Microsoft Windows XP [Version 5.1.2600]
(C) Copyright 1985-2001 Microsoft Corp.
C:\Documents and Settings\MARY FFITCH>ipconfig/all
Windows IP Configuration
Host Name . . . . . . . . . . . . : DCPF4J71
Primary Dns Suffix . . . . . . . :
Node Type . . . . . . . . . . . . : Mixed
IP Routing Enabled. . . . . . . . : No
WINS Proxy Enabled. . . . . . . . : No
DNS Suffix Search List. . . . . . : hsd1.wa.comcast.net.
Ethernet adapter Local Area Connection:
Connection-specific DNS Suffix . : hsd1.wa.comcast.net.
Description . . . . . . . . . . . : Intel(R) PRO/100 VE Network Connecti
on
Physical Address. . . . . . . . . : 00-13-20-0A-E9-C2
Dhcp Enabled. . . . . . . . . . . : Yes
Autoconfiguration Enabled . . . . : Yes
IP Address. . . . . . . . . . . . : 71.237.187.81
Subnet Mask . . . . . . . . . . . : 255.255.252.0
Default Gateway . . . . . . . . . : 71.237.184.1
DHCP Server . . . . . . . . . . . : 68.87.69.13
DNS Servers . . . . . . . . . . . : 68.87.69.150
68.87.85.102
Lease Obtained. . . . . . . . . . : Saturday, November 20, 2010 9:25:27
AM
Lease Expires . . . . . . . . . . : Monday, November 22, 2010 3:39:01 PM

C:\Documents and Settings\MARY FFITCH>


----------



## cwwozniak (Nov 29, 2005)

mike_needs_help said:


> here is the info for when i have the connection with the modem.(internet doesnt work with the modem)


All of the information IPCONFIG /ALL report looks like you should have a working connection to the Internet through the modem and I am not sure why you can not get a working connection.

Do you get any kind of error report if you try to visit a web site like www.google.com with any web browser? Also, go into the DOS Command Screen and try this command: *TRACERT www.google.com* . If you get an error message, then try *TRACERT 209.85.225.99* (The IP address for www.google.com)



mike_needs_help said:


> I do not know how to log on to the administration pages of the router


The user/owner manual for the router should give you the information for the default IP address, user name (usually something like *admin*) and password (might be leave blank). If the default address does not work, run the basic IPCONFIG command and note the Gateway IP address. Then try an http:// connection to that address. If you still have problems let us know the exact model number and any version number of your router.



mike_needs_help said:


> when i unplug the modem is still blinks on the power part of the modem.

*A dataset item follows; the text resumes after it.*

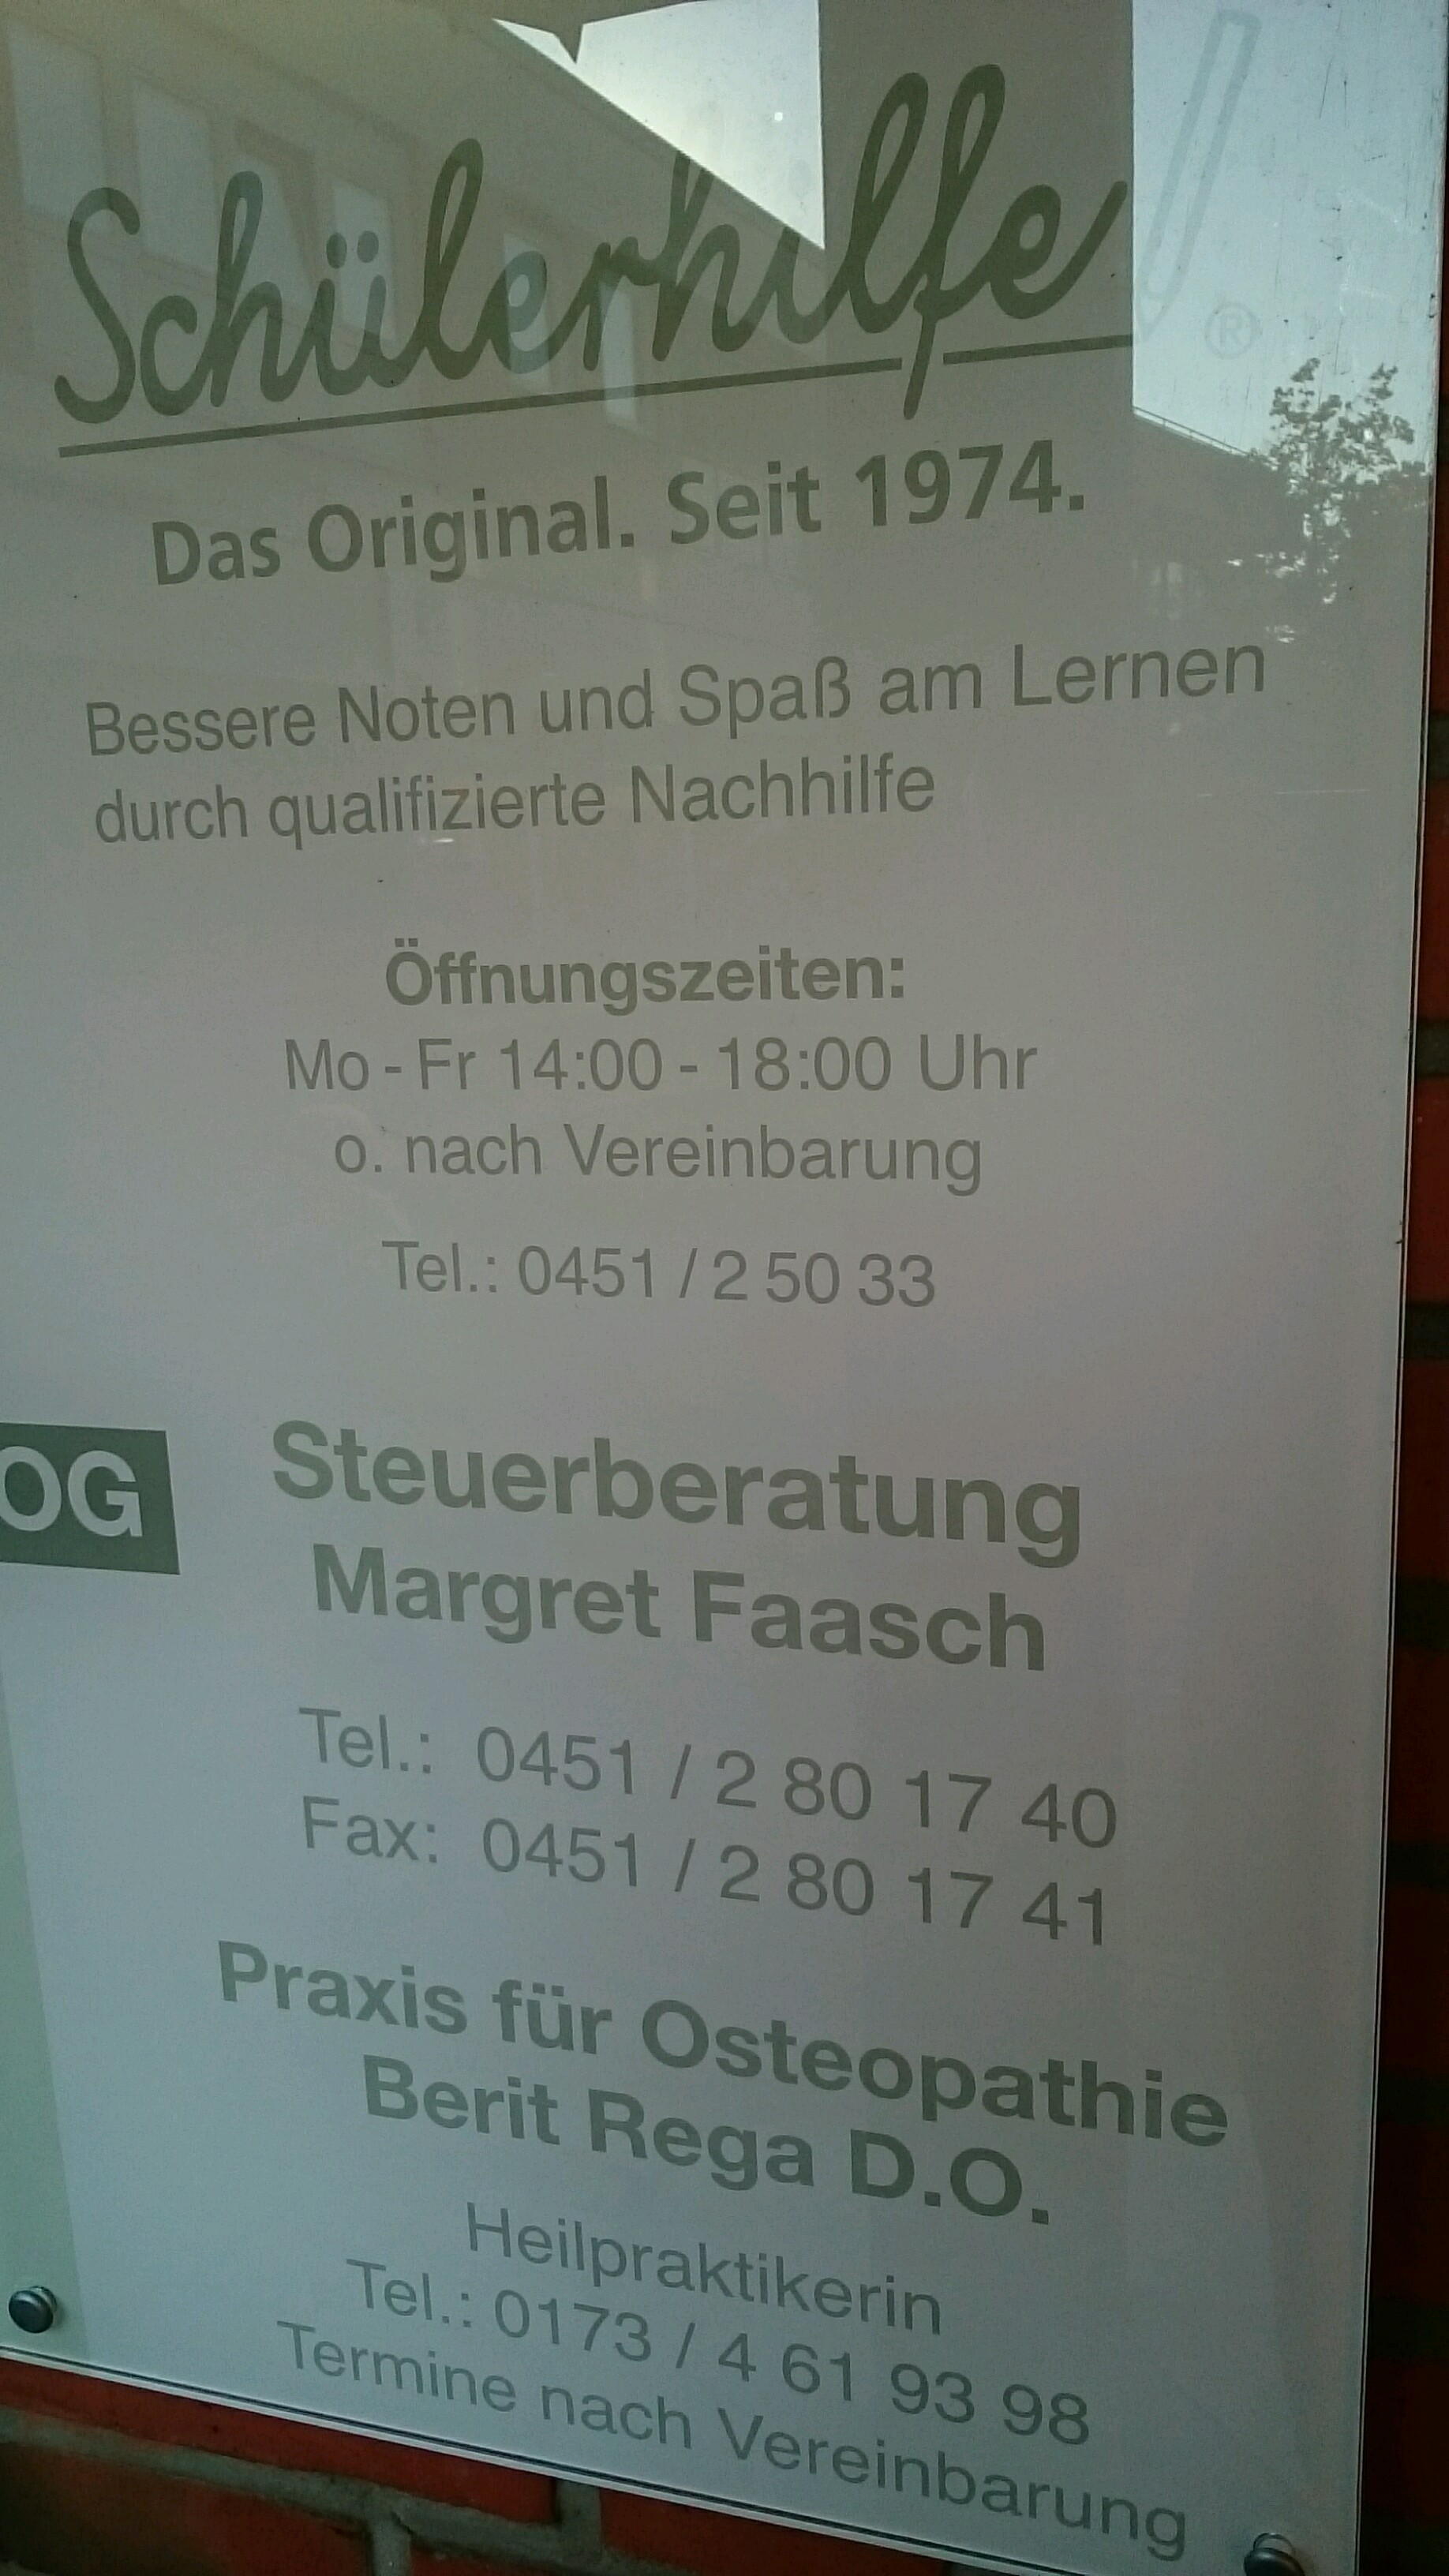 Bild 2 Faasch in Bad Schwartau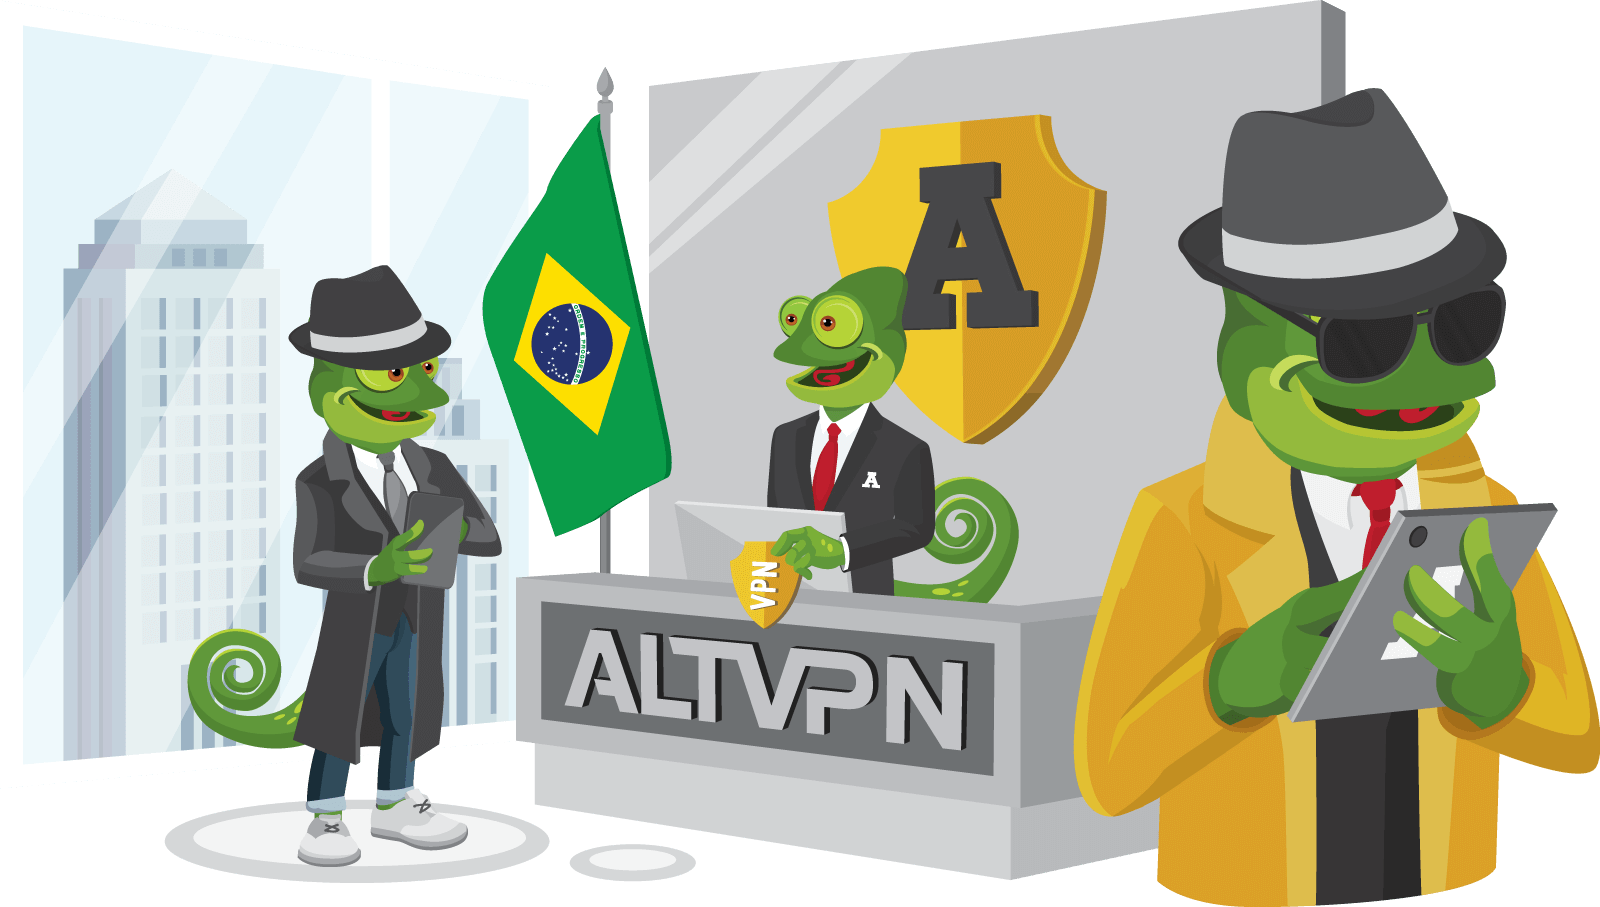 Buy VPN - ALTVPN

What is the exact model number of the modem?


----------



## mike_needs_help (Nov 15, 2010)

Alright logged on to the router finally and made some adjustments and got it working. Thanks for all the help.:up:


----------



## cwwozniak (Nov 29, 2005)

You're welcome.

Glad to hear you were able to figure out the router settings.


----------